_WHAT YOU HAVE TO DO:_
Repeat exactly, and only, the lines of the entries below from the one with "GazeKu Blank Stamping" through the one with "Boy, 8, Barely", both ends included.

_EXTRACTED ENTRIES:_
[Start of section]
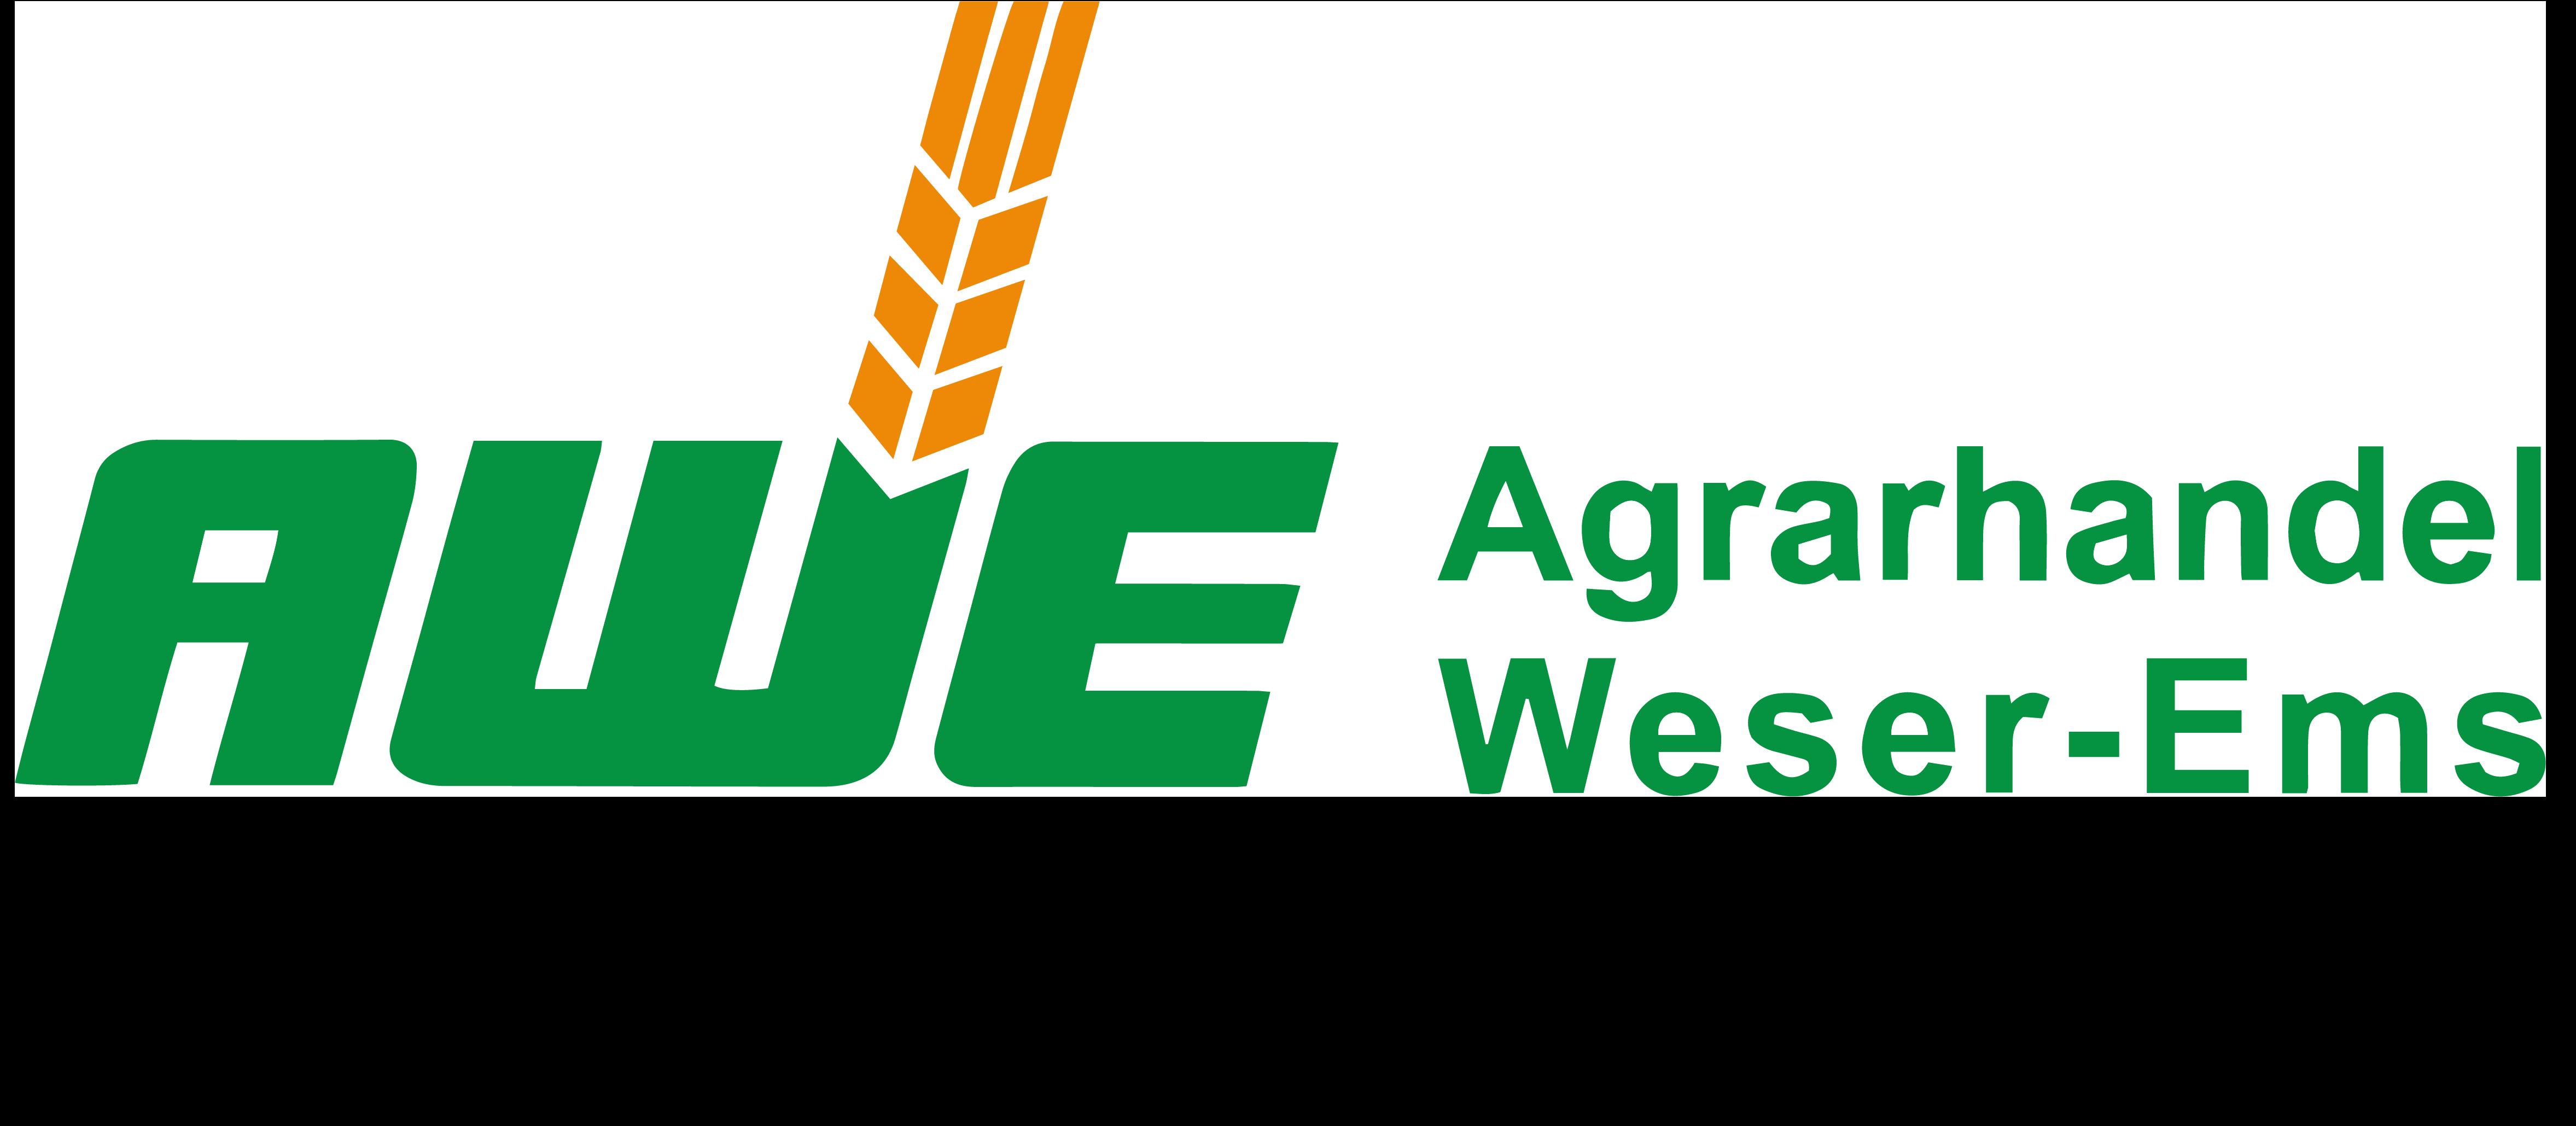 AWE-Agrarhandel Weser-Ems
[End of section]
[Start of section]
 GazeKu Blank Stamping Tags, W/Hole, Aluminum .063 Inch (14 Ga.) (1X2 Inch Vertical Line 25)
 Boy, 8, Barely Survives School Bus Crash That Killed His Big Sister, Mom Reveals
[End of section]
_RESPONSE AREA:_
 GazeKu Blank Stamping Tags, W/Hole, Aluminum .063 Inch (14 Ga.) (1X2 Inch Vertical Line 25)
 Boy, 8, Barely Survives School Bus Crash That Killed His Big Sister, Mom Reveals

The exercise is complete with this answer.